Source data
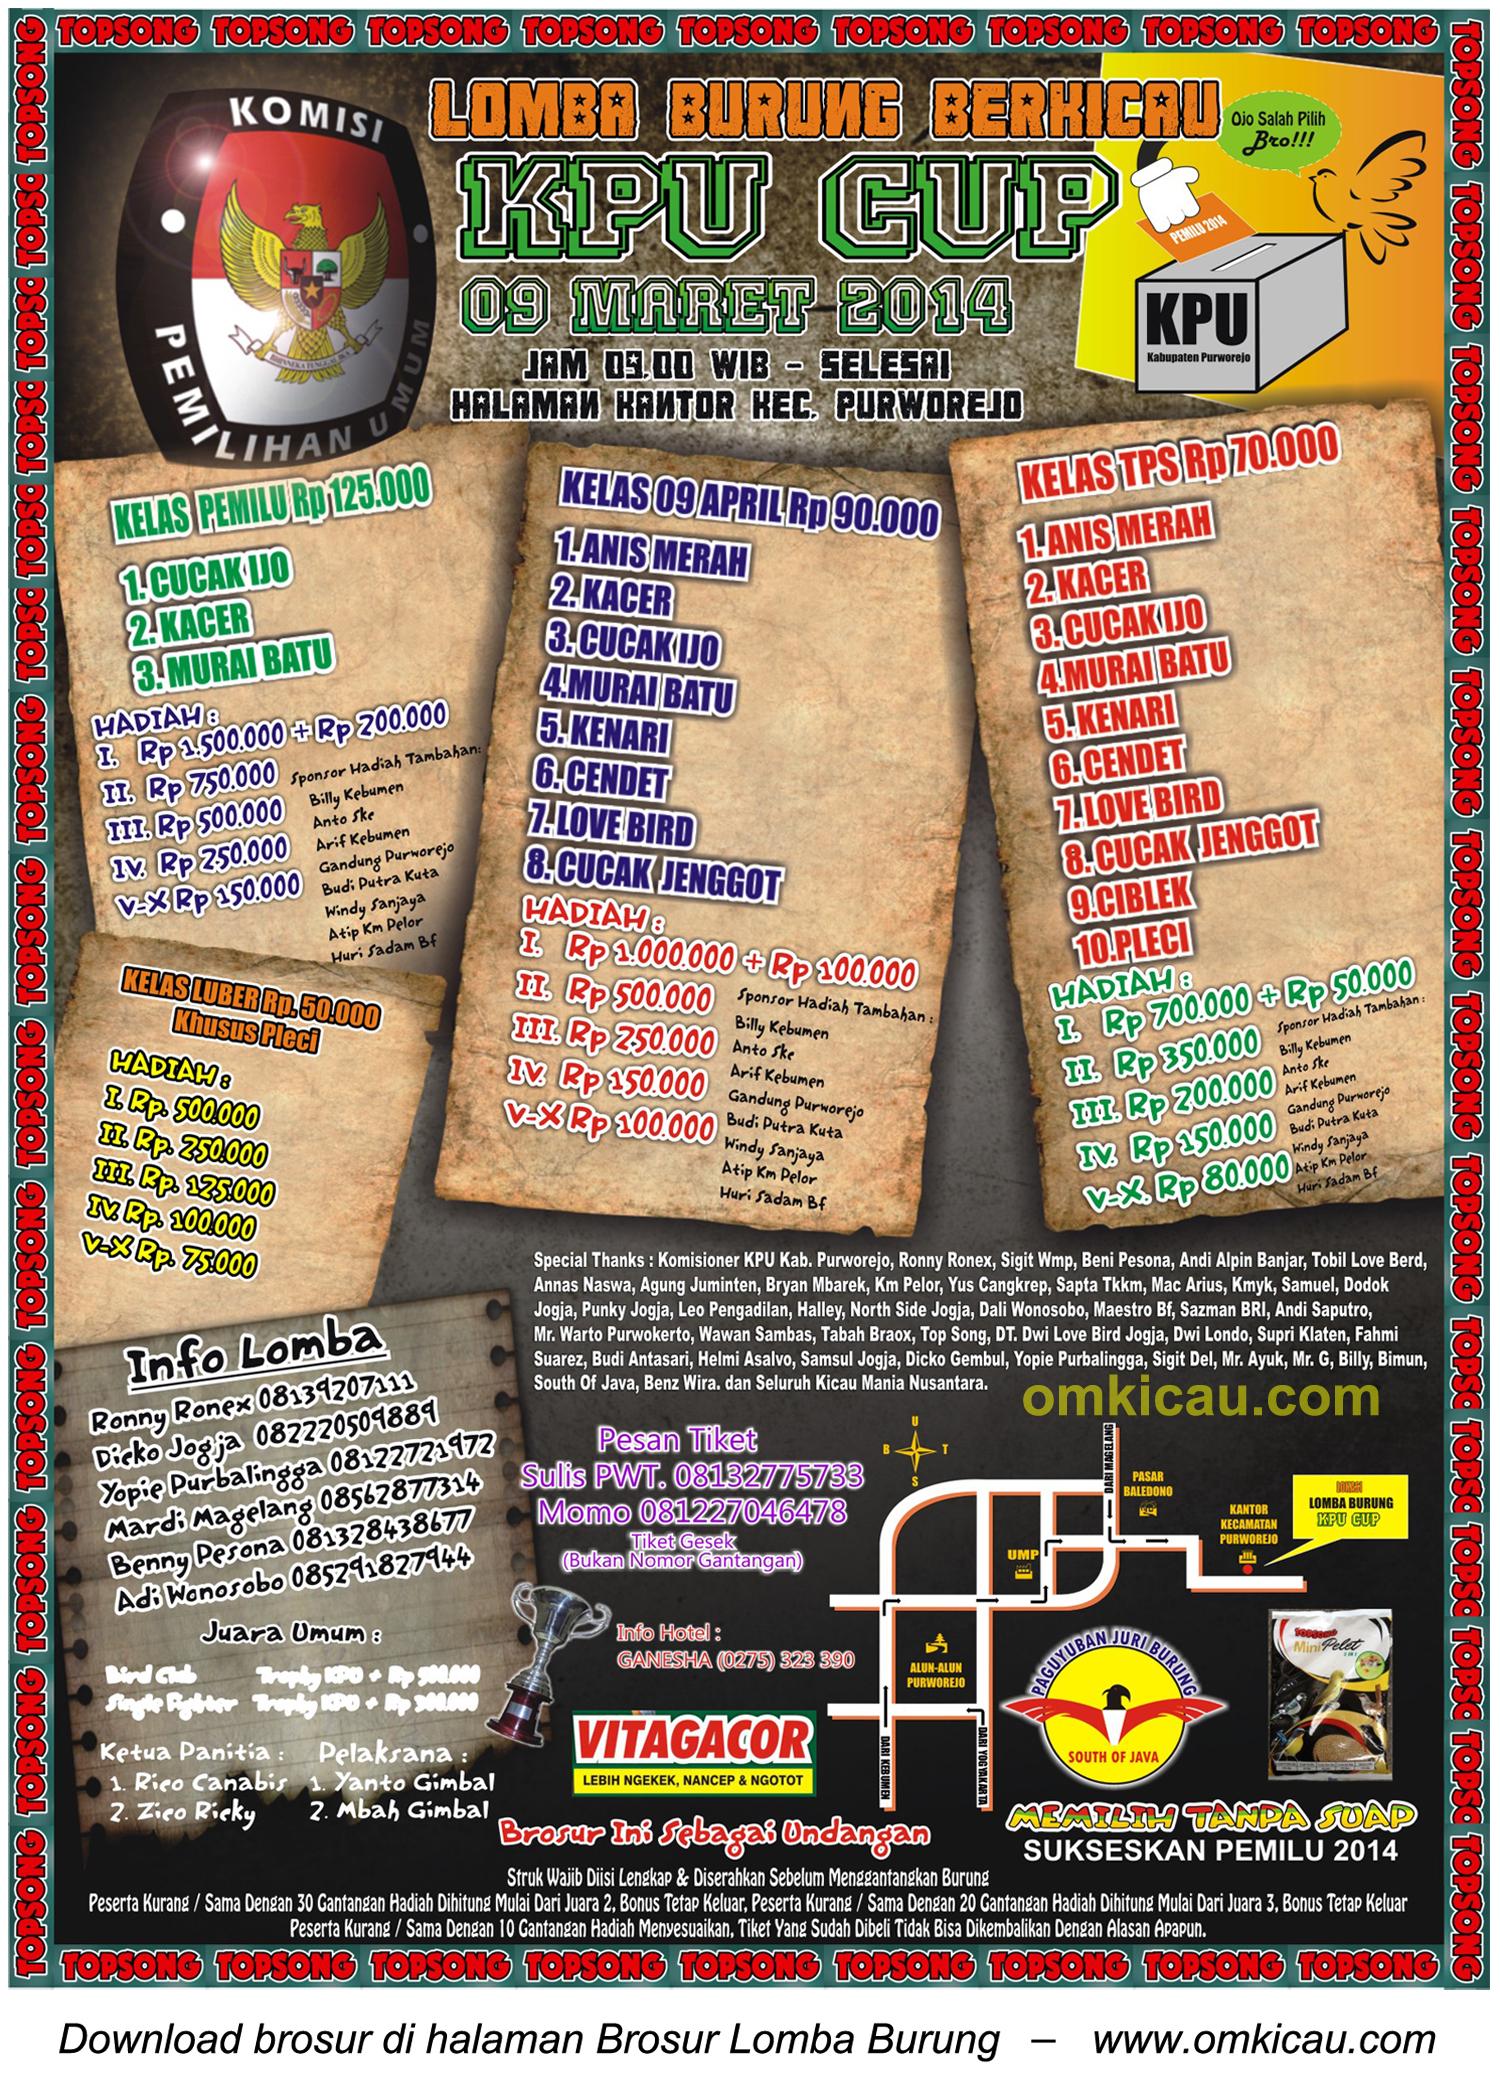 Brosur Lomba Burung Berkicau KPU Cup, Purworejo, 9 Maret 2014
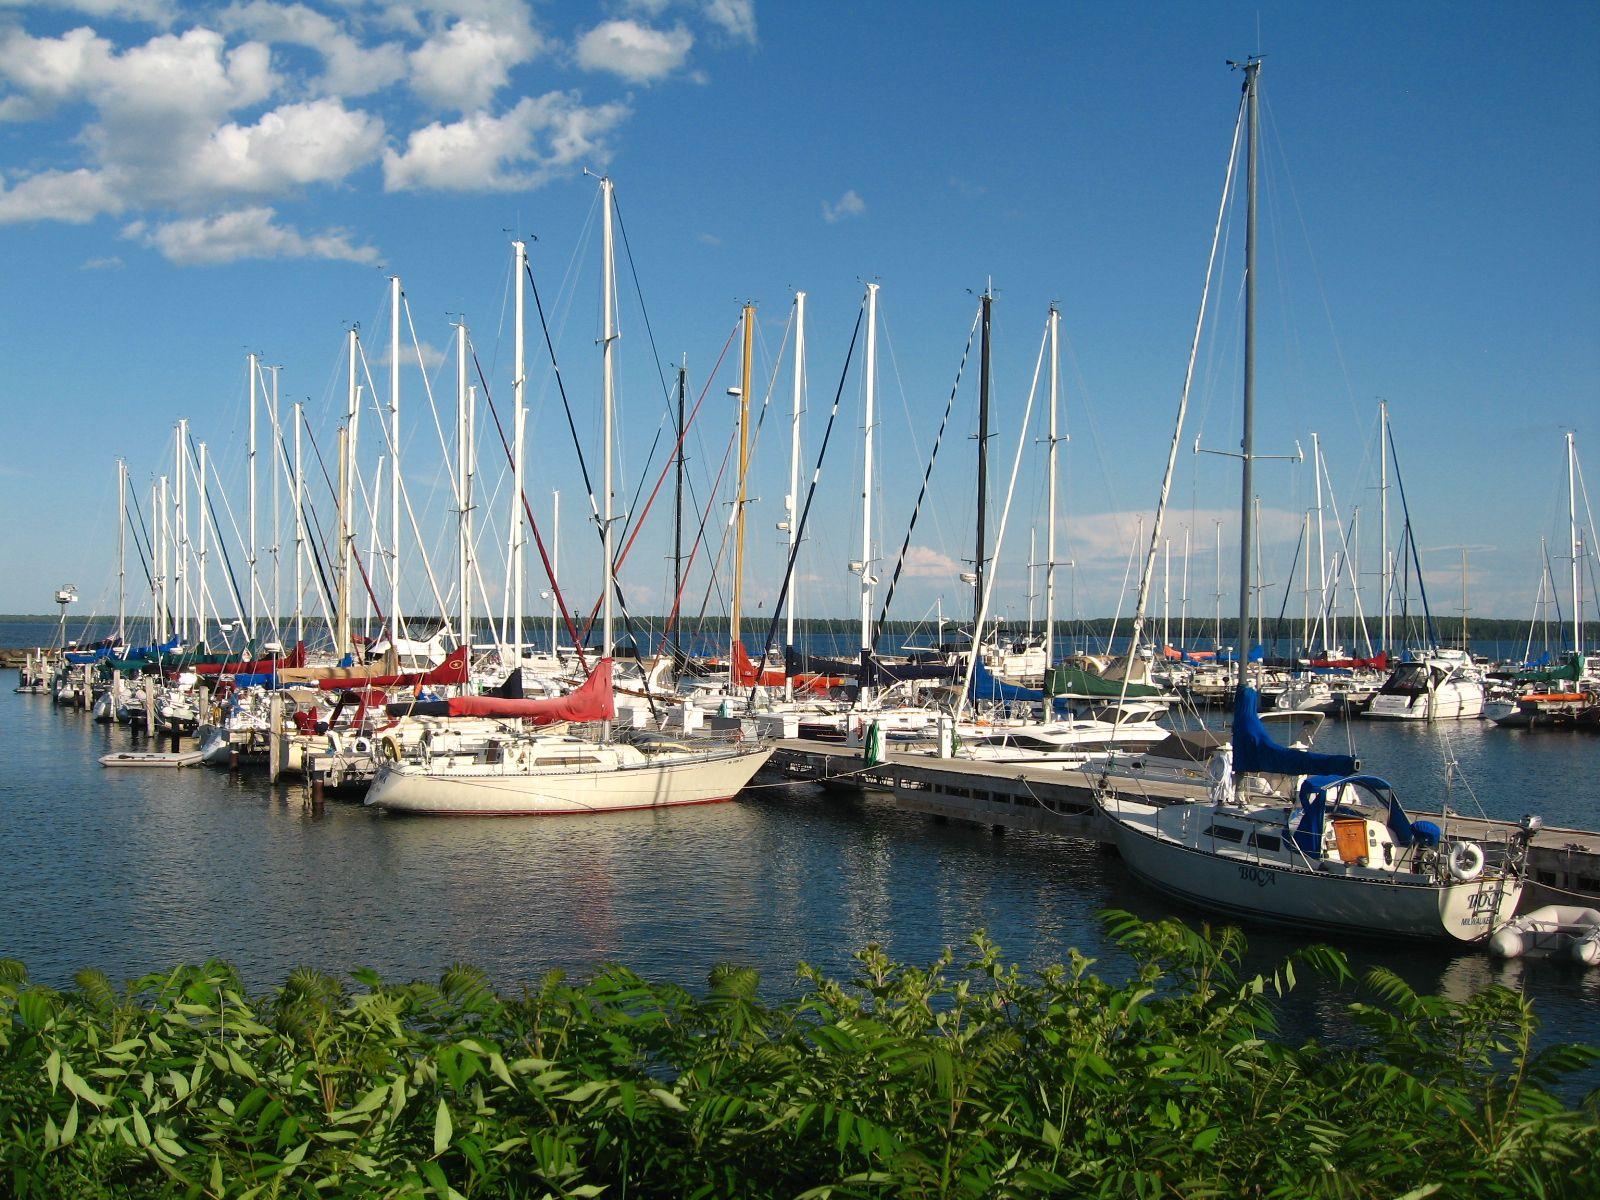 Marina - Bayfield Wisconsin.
==
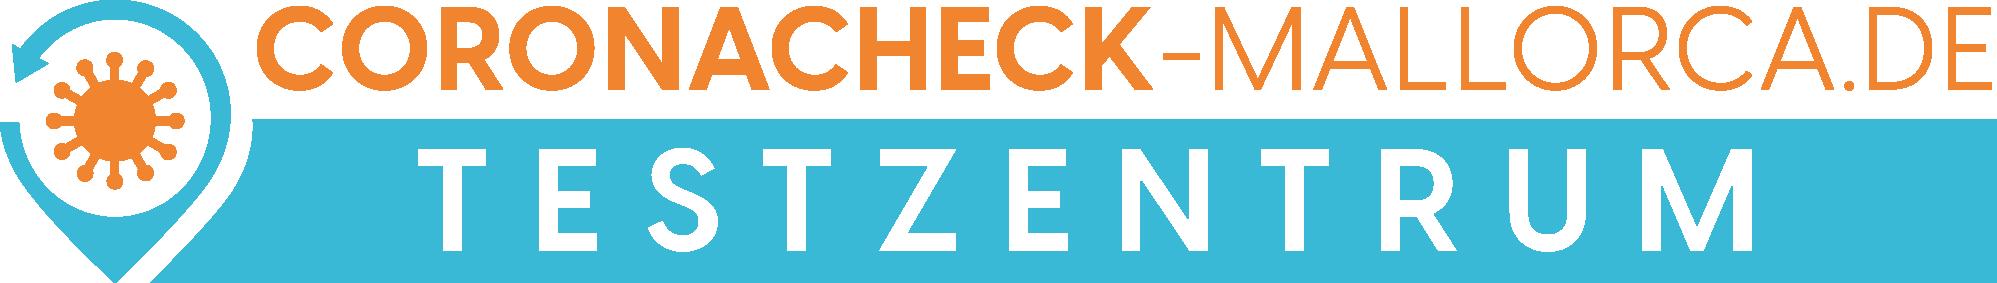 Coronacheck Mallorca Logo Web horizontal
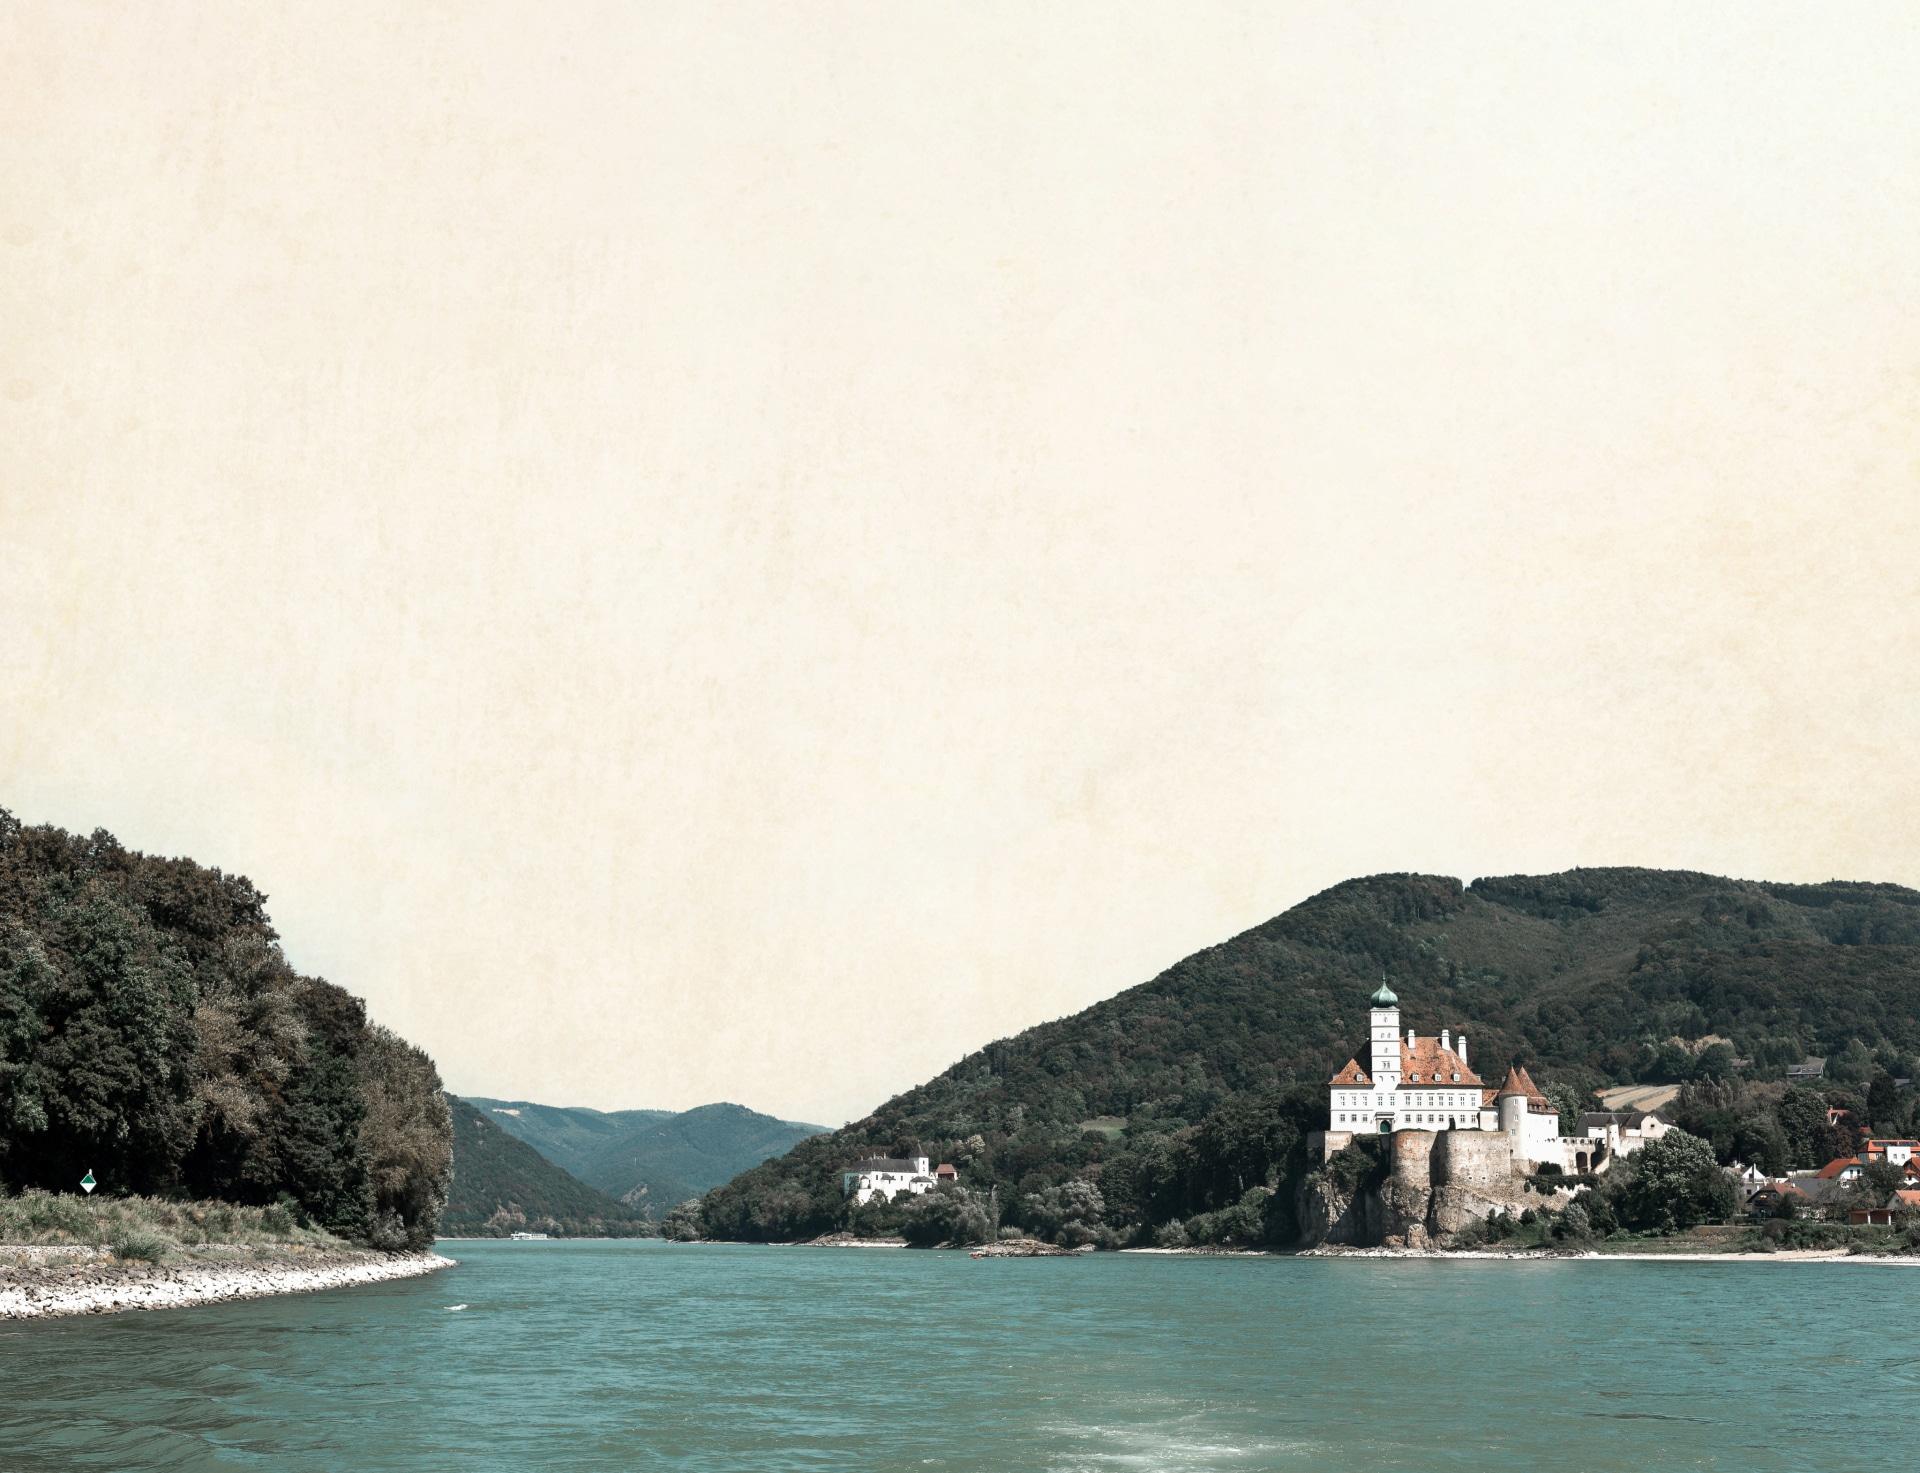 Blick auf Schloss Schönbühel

Work task
Give again the stretch of lines above from the one with "Brosur Lomba Burung" through the one with "Marina - Bayfield Wisconsin.", both ends kept, and copy no pictures.

The answer
 Brosur Lomba Burung Berkicau KPU Cup, Purworejo, 9 Maret 2014
 Marina - Bayfield Wisconsin.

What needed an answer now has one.